Implementasi kebijakan UU No. 22 Tahun 2022 tentang Tindak Pidana Kekerasan Seksual ( TPKS) adalah langkah maju yang penting dalam melindungi hak individu dan mengurangi kekerasan seksual di masyarakat.
Namun, pencapaian tujuan ini memerlukan upaya bersama dari pemerintah, lembaga penegak hukum, LSM, dan masyarakat secara keseluruhan.
Dengan strategi yang tepat, kebijakan ini dapat memberikan perlindungan yang lebih baik bagi korban kekerasan seksual dan mengurangi angka kejadian kekerasan ini secara signifikan.
Peningkatan kasus kekerasan terhadap perempuan dan anak yang ada di Indonesia dari tahun ke tahun semakin meningkat. Perlindungan terhadap korban kekerasan telah diupayakan dengan berbagi cara baik melalui upaya-upaya pencegahan maupun penanganan.
Apabila kekerasan telah terjadi maka penangan yang tepat harus dilakukan agar korban bisa merasa aman dan terlindungi dalam hal ini lembaga seperti LPSK diharapkan dapat memberikan kontribusi yang optimal untuk menyelesaikan kasus - kasus kekerasan terhadap perempuan dan anak.
Pada saat ini membangun Trust Publik adalah hal yang sangat penting terutama terhadap lembaga - lembaga yang dibentuk oleh pemerintah pada saat ini masyarakat pada umumnya banyak meragukan kinerja lembaga - lembaga tersebut selain untuk membangun kembali kepercayaan masyarakat ada.
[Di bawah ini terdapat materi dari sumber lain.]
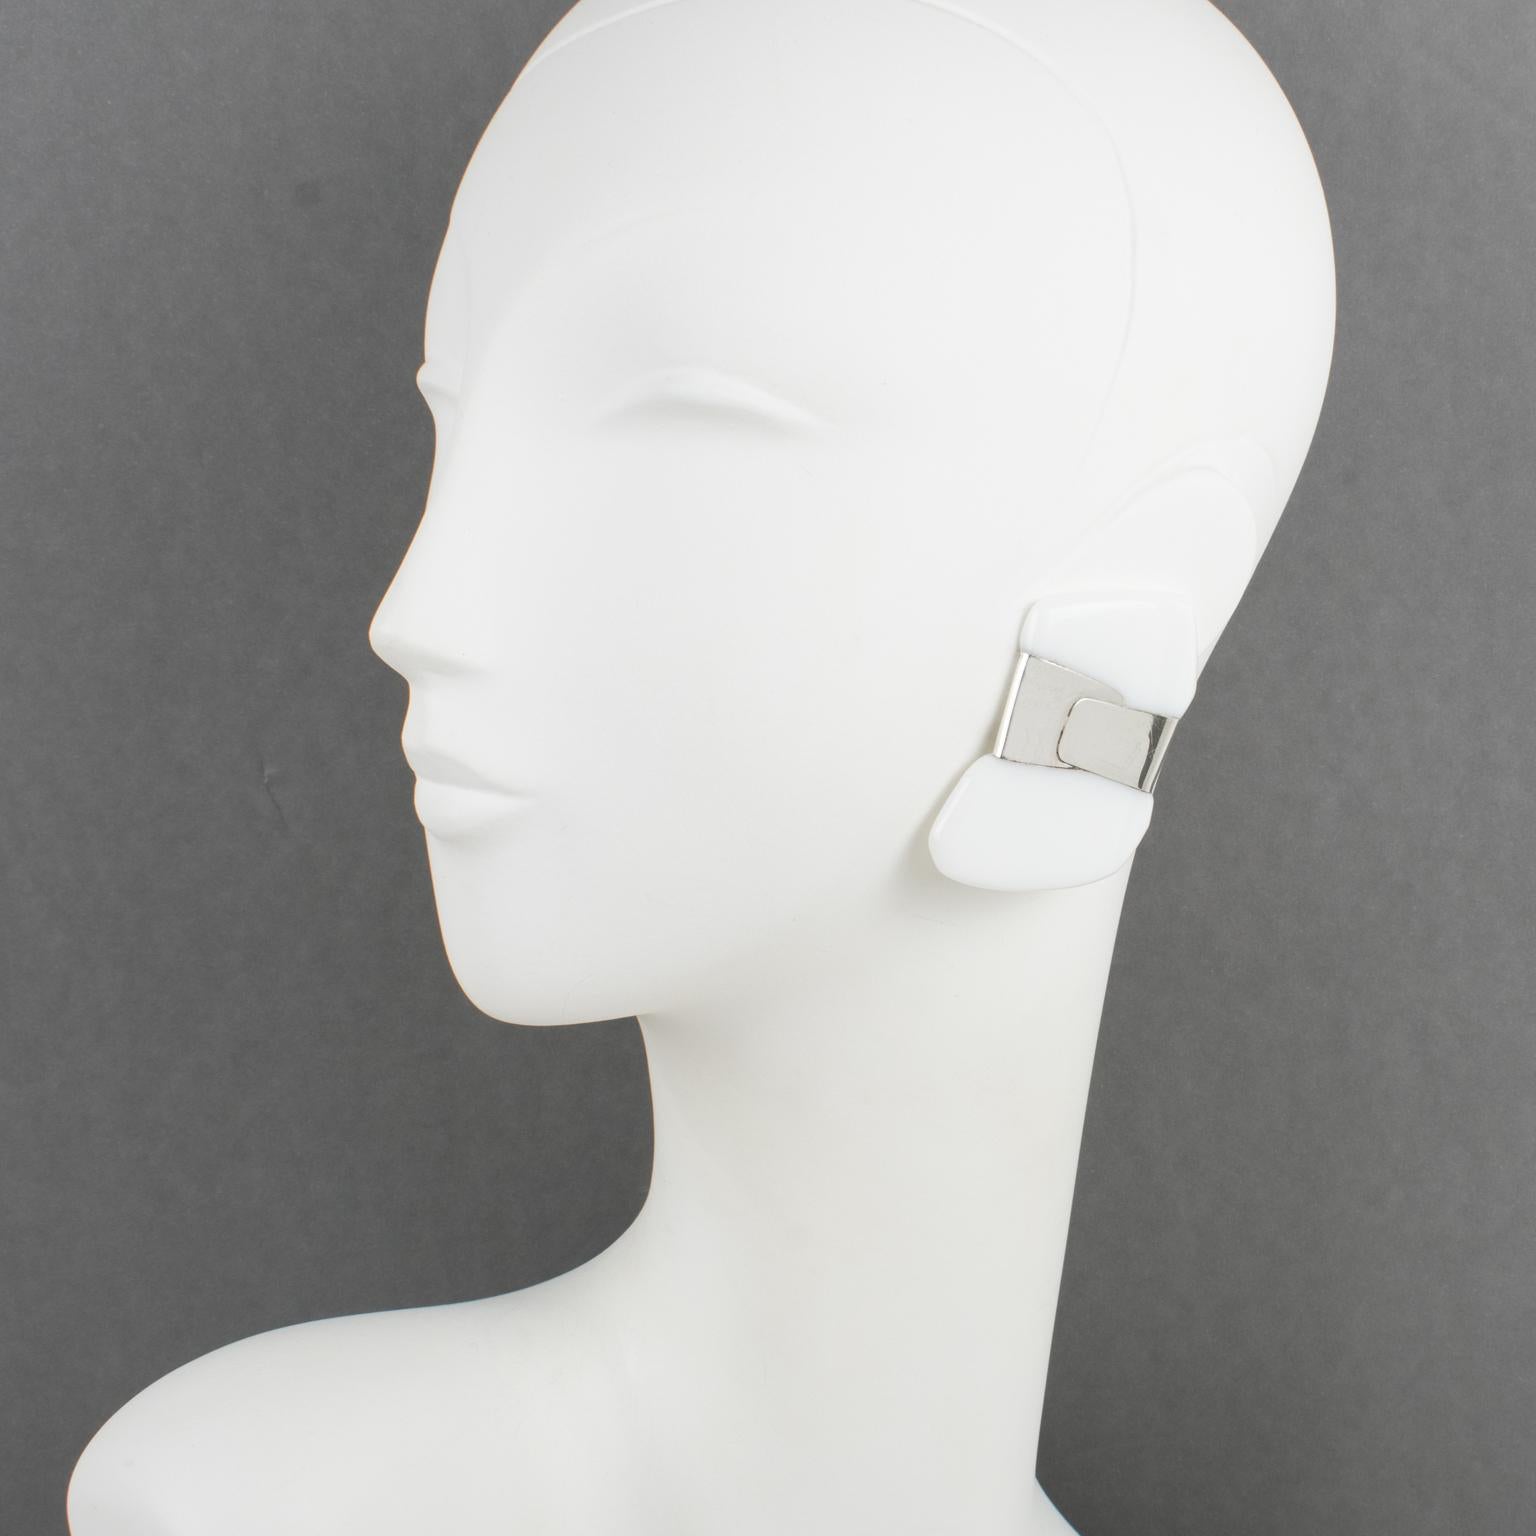 These elegant oversized Lucite clip-on earrings were designed by Anne and Frank Vigneri in the 1980s. The geometric, futuristic shape features a white Lucite element wrapped in a sterling silver band. The earrings are unsigned, but the specific

Sejumlah tantangan dalam upaya LPSK untuk melindungi korban kekerasan seksual, terutama anak-anak dan perempuan Kesadaran Masyarakat:
Melakukan kampanye penyuluhan dan pendidikan kepada masyarakat, terutama kepada anak-anak dan perempuan, tentang tindak pidana kekerasan seksual dan hak-hak mereka. Mendorong masyarakat untuk melaporkan kasus-kasus kekerasan seksual dan menghapus stigma sosial yang mungkin melekat pada korban.
Pengembangan Layanan Dukungan:
Menyediakan layanan dukungan yang komprehensif kepada korban, termasuk dukungan psikologis, medis, dan sosial. Membantu korban dalam mengakses layanan kesehatan, termasuk pemeriksaan forensik jika diperlukan.
Bantuan Hukum: Memberikan bantuan hukum kepada korban dalam memahami hak-hak mereka dan membantu mereka dalam proses hukum yang melibatkan kasus kekerasan seksual. Memastikan bahwa hak-hak korban dihormati selama
penyelidikan dan persidangan.
Rafih Sri Wulandari mengungkapkan terkait urgensi sosialisasi UU TPKS. Masyarakat secara umum masih blm mengenal adanya kebijakan ini begitupun lembaga yg berperan aktif di dalamnya hal ini adalah LPSK baru sedikit korban yg berani melaporkan kasusnya kepada pihak berwenang di kisaran angka 23%.
"Diharapkan Dengan adanya kebijakan ini kasus pidana kekerasan seksual kepada perempuan dan anak dapat di kurangi".